Within an hour of Kacsmaryk’s ruling, Federal District Judge Thomas Rice in Washington state issued a contradictory ruling, which was also a preliminary injunction, declaring that the FDA’s approval of the drug and its uses should not be revoked.

While Kacsmarkyk’s ruling applied nationwide, Rice’s ruling applied only to the 17 states and the District of Columbia that were the plaintiffs in the suit he was handling. He noted that he had authority to make his ruling nationwide, but he also had discretion to limit the reach of the ruling to the parties that brought suit.

Where the issues stand

The Supreme Court’s ruling means mifepristone will remain as widely available as it was before. Fifteen states already restrict access to medication abortions.

“As a result of the Supreme Court’s stay, mifepristone remains available and approved for safe and effective use while we continue this fight in the courts,” President Joe Biden said in a White House statement.

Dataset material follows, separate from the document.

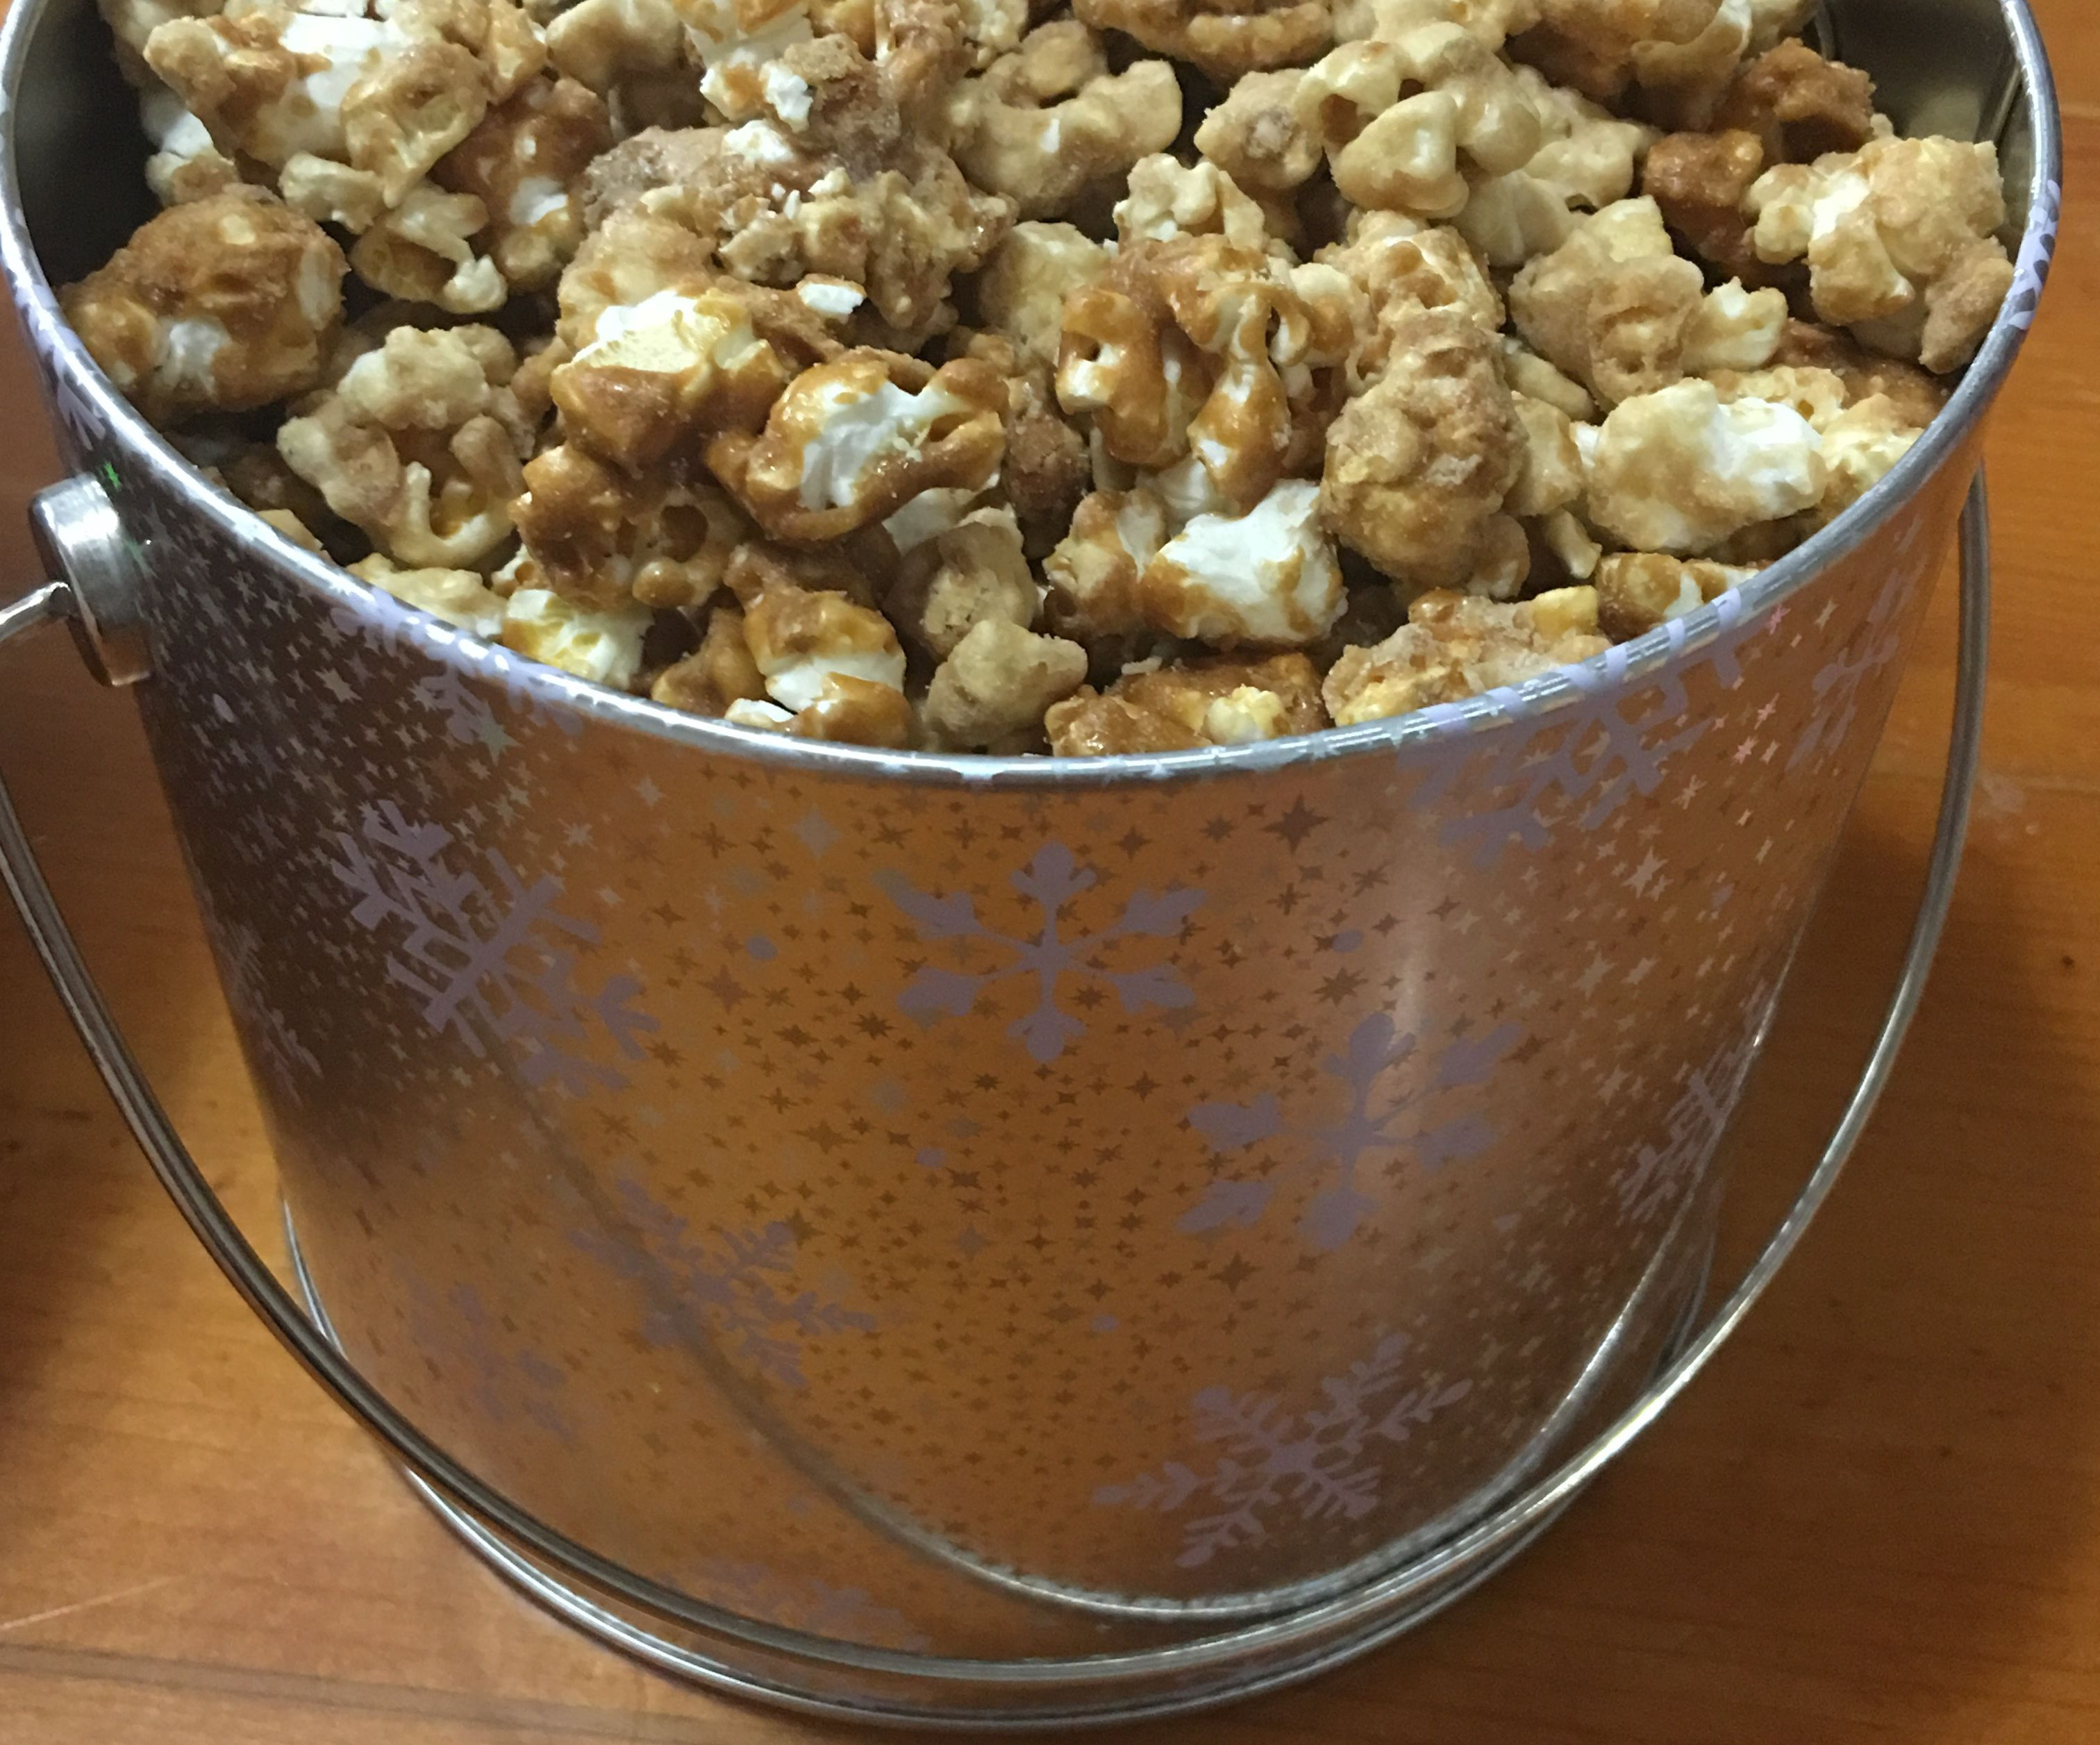 Baked Carmel Popcorn (Without Corn Syrup)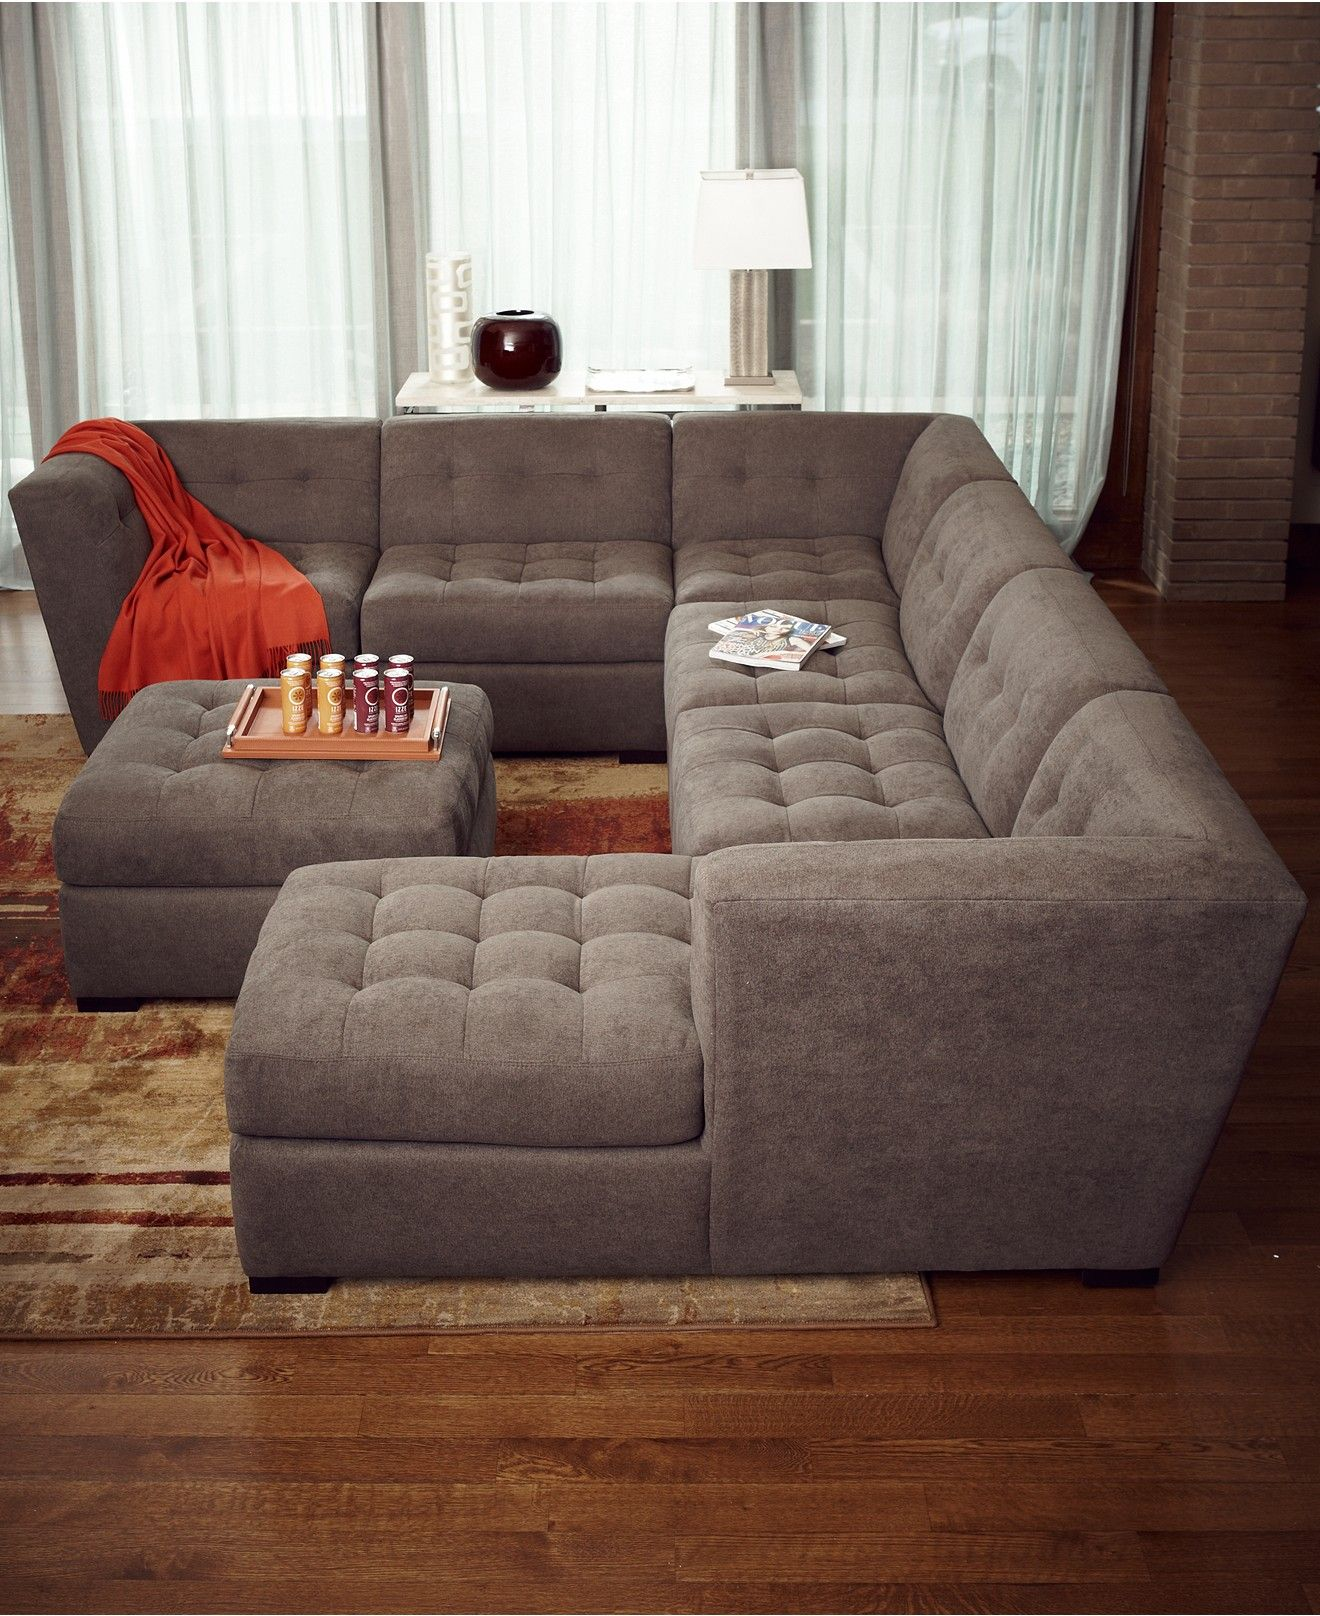 Peachy Roxanne Fabric 6 Piece Modular Sectional Sofa Corner Unit Machost Co Dining Chair Design Ideas Machostcouk

But that decision is only in effect while the case is being decided by the 5th Circuit. Undoubtedly, that decision will be appealed to the Supreme Court again.

So far, no one has appealed the Washington district court opinion, although a potential future Supreme Court ruling after the 5th Circuit decision would also affect that case’s outcome. And the situation gets even more complicated, with a third lawsuit filed in a federal court in Maryland on April 19. That case was brought by GenBioPro, the manufacturer of a generic version of mifepristone, which the FDA approved in 2019. GenBioPro is seeking to preserve the approval of its drug, despite all the conflicting and confusing court rulings.

Although the Supreme Court majority said that it had hoped that the Dobbs opinion would end federal battles over abortion rights, there is more confusion and conflict than ever, in every corner of the country. And the confusion may continue for a while.